### TASK TO COMPLETE
Transcribe the listing below in full, exactly, with no images.

### INFORMATION SHOWN
++++++++
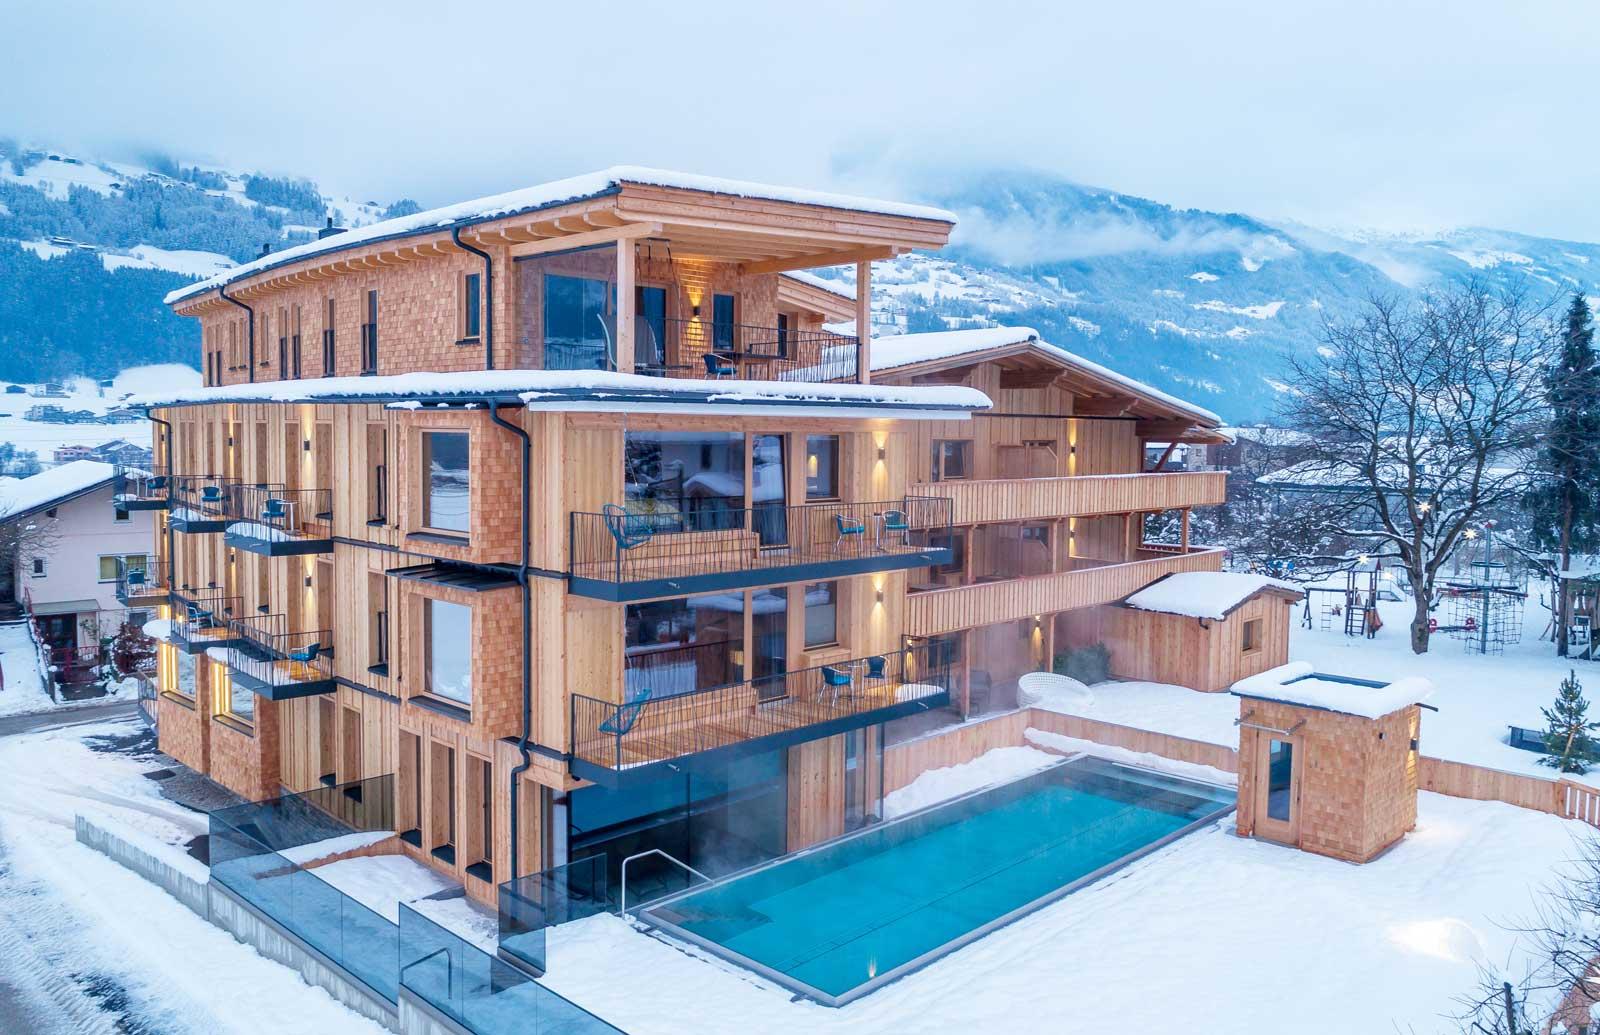 Апартаменты Циллерталь/ Appartement Zillertal
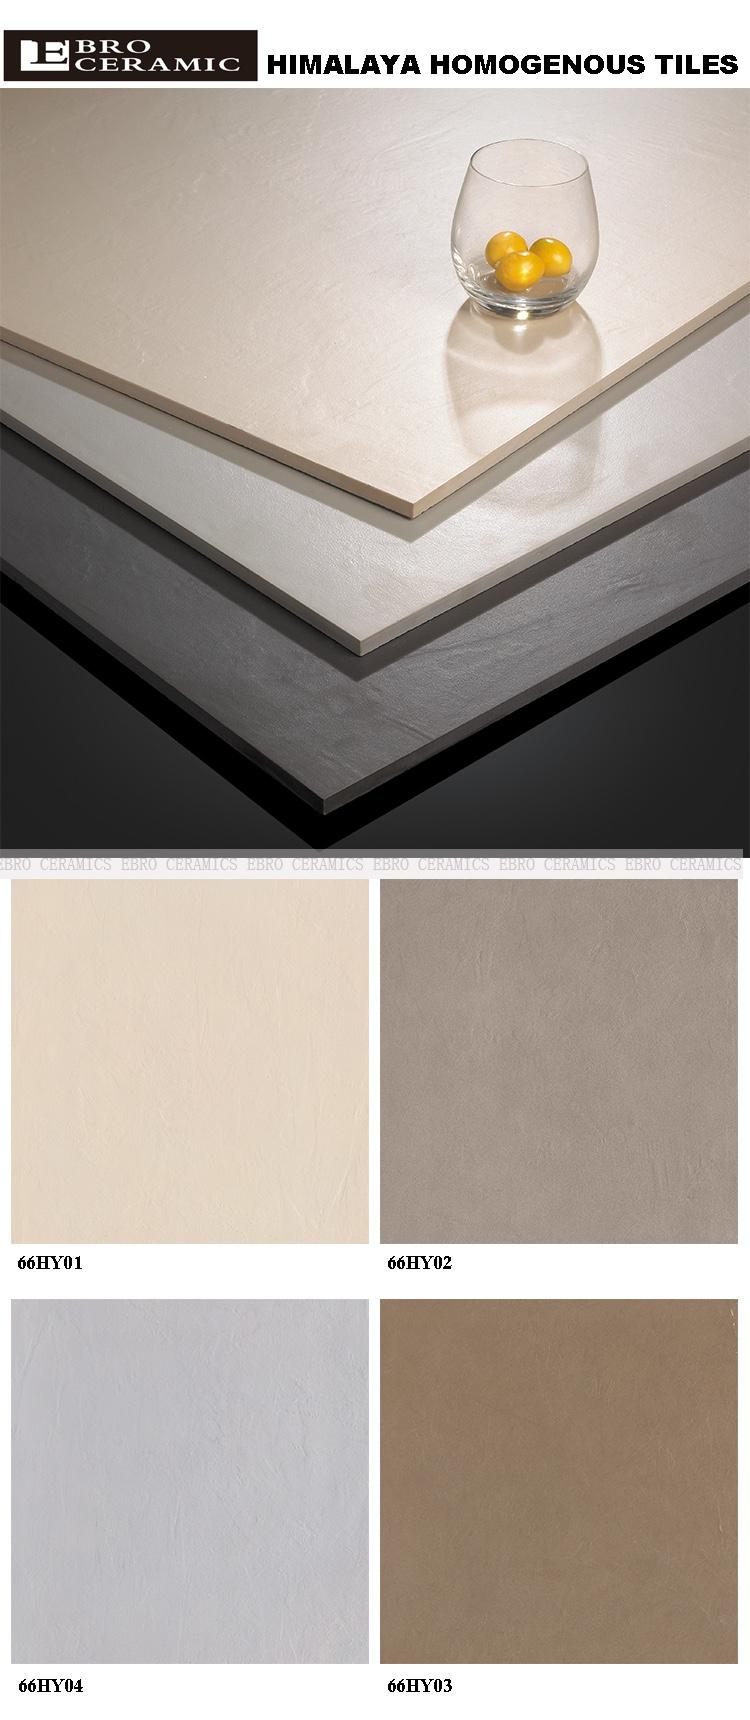 Homogenous Tile 60x60 : homogenous, 60x60, China, Factory, Matt/Lappato, Finish, Firebrick, Vietnam, Glazed, Rustic, Kitchen, Cement, Ceramic, Floor, 30x60, 66EK02,, Tile,, CERAMIC, Product, Details, Foshan
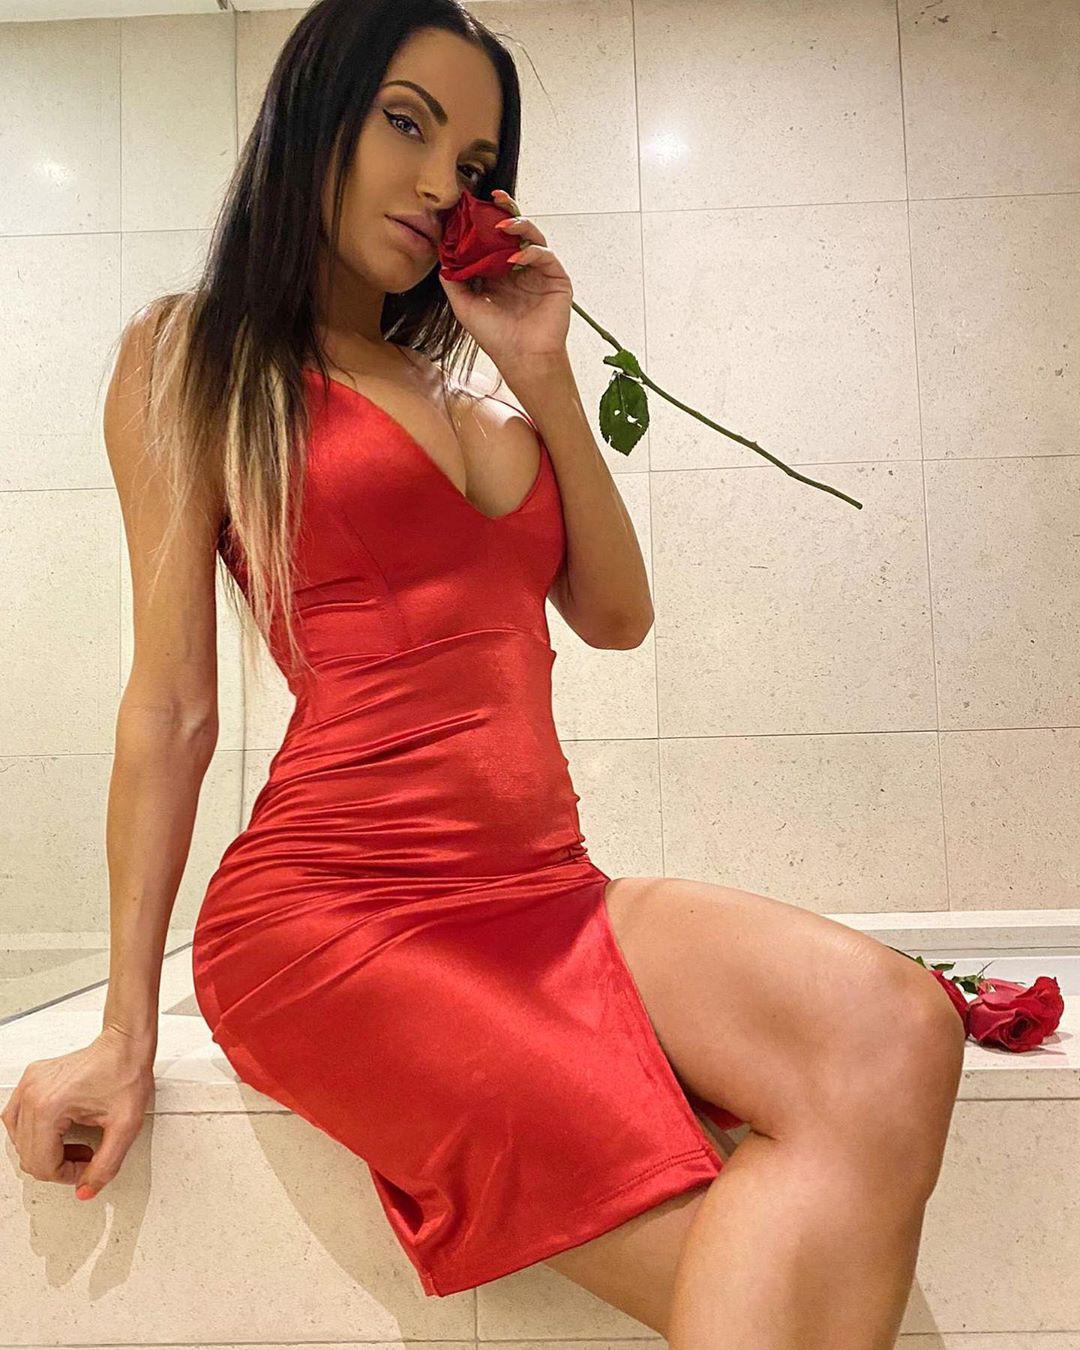 Nienna Jade hot legs, fine legs, Beautiful Lips
++++++++
### EXPECTED ANSWER
 Апартаменты Циллерталь/ Appartement Zillertal
 Homogenous Tile 60x60 : homogenous, 60x60, China, Factory, Matt/Lappato, Finish, Firebrick, Vietnam, Glazed, Rustic, Kitchen, Cement, Ceramic, Floor, 30x60, 66EK02,, Tile,, CERAMIC, Product, Details, Foshan
 Nienna Jade hot legs, fine legs, Beautiful Lips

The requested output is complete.